StreamGenerator creates synthetic streams for benchmarking. It generates TextStreamResult with configurable event patterns.

func (*StreamGenerator) Generate added in v1.7.0

func (g *StreamGenerator) Generate() *TextStreamResult

Generate creates a new TextStreamResult with synthetic events. The stream is generated in a goroutine and returned immediately.

type TextStreamEvent

type TextStreamEvent struct {
	Type  EventType
	Value any
}

TextStreamEvent represents an event in the text stream

type TextStreamResult

type TextStreamResult struct {
	Stream <-chan TextStreamEvent
}

TextStreamResult represents a stream of text events

func NewStreamFromString

func NewStreamFromString(text string) *TextStreamResult

func (*TextStreamResult) ReadAll

func (t *TextStreamResult) ReadAll() (string, error)

type TokenUsage added in v1.4.0

type TokenUsage struct {
	InputTokens  int64 `json:"input_tokens"`
	OutputTokens int64 `json:"output_tokens"`
}

TokenUsage represents token usage statistics for an LLM request

type TokenUsageLoggingWrapper added in v1.4.0

type TokenUsageLoggingWrapper struct {
	// contains filtered or unexported fields
}

TokenUsageLoggingWrapper wraps a LanguageModel to log token usage

func NewTokenUsageLoggingWrapper added in v1.4.0

func NewTokenUsageLoggingWrapper(wrapped LanguageModel, botUsername string, tokenLogger *mlog.Logger, metrics MetricsObserver) *TokenUsageLoggingWrapper

NewTokenUsageLoggingWrapper creates a new wrapper that logs token usage

func (*TokenUsageLoggingWrapper) ChatCompletion added in v1.4.0

ChatCompletion intercepts the streaming response to extract and log token usage

func (*TokenUsageLoggingWrapper) ChatCompletionNoStream added in v1.4.0

func (w *TokenUsageLoggingWrapper) ChatCompletionNoStream(request CompletionRequest, opts ...LanguageModelOption) (string, error)

ChatCompletionNoStream uses the streaming method internally, so token usage logging happens automatically when ReadAll() processes the intercepted stream

func (*TokenUsageLoggingWrapper) CountTokens added in v1.4.0

func (w *TokenUsageLoggingWrapper) CountTokens(text string) int

CountTokens delegates to the wrapped model

func (*TokenUsageLoggingWrapper) InputTokenLimit added in v1.4.0

func (w *TokenUsageLoggingWrapper) InputTokenLimit() int

InputTokenLimit delegates to the wrapped model

type Tool

type Tool struct {
	Name        string
	Description string
	Schema      any
	Resolver    ToolResolver
}

Tool represents a function that can be called by the language model during a conversation.

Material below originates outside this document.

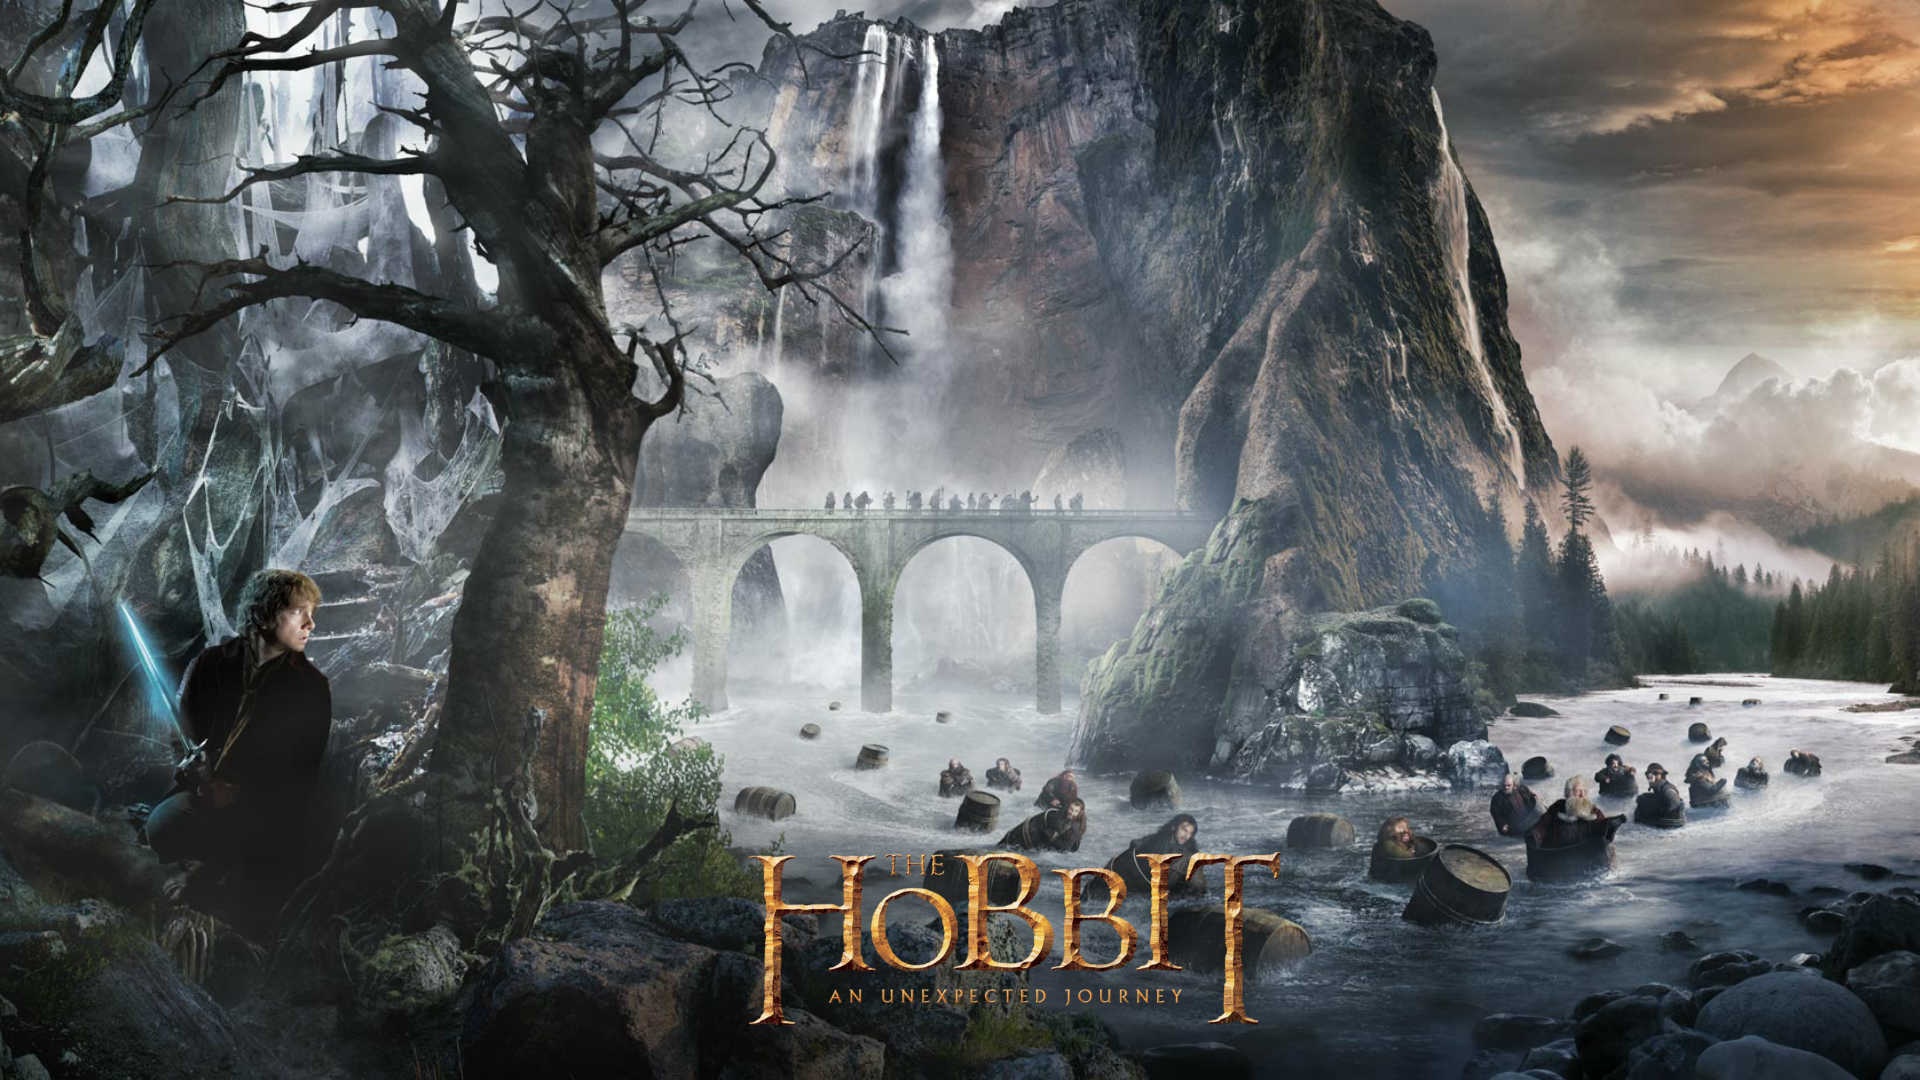 The Hobbit: An Unexpected Journey is being released as a Future Shop Exclusive Blu-ray Steelbook in Canada

Each tool has a name, description, and schema that defines its parameters. These are passed to the LLM for it to understand what capabilities it has. It is the Resolver function that implements the actual functionality.

The Schema field should contain a JSONSchema that defines the expected structure of the tool's arguments. The Resolver function receives the conversation context and a way to access the parsed arguments, and returns either a result that will be passed to the LLM or an error.

func (Tool) WithBoundParams added in v1.8.0

func (t Tool) WithBoundParams(params map[string]interface{}) Tool

WithBoundParams creates a new Tool with parameters bound to fixed values. Bound parameters are: - Removed from the schema (LLM cannot see or manipulate them) - Automatically injected when the resolver is called

type ToolArgumentGetter

type ToolArgumentGetter func(args any) error

type ToolAuthError added in v1.4.0

type ToolAuthError struct {
	ServerName string `json:"server_name"`
	AuthURL    string `json:"auth_url"`
	Error      error  `json:"error"`
}

ToolAuthError represents an authentication error that occurred during tool creation

type ToolCall

type ToolCall struct {
	ID          string          `json:"id"`
	Name        string          `json:"name"`
	Description string          `json:"description"`
	Arguments   json.RawMessage `json:"arguments"`
	Result      string          `json:"result"`
	Status      ToolCallStatus  `json:"status"`
}

ToolCall represents a tool call. An empty result indicates that the tool has not yet been resolved.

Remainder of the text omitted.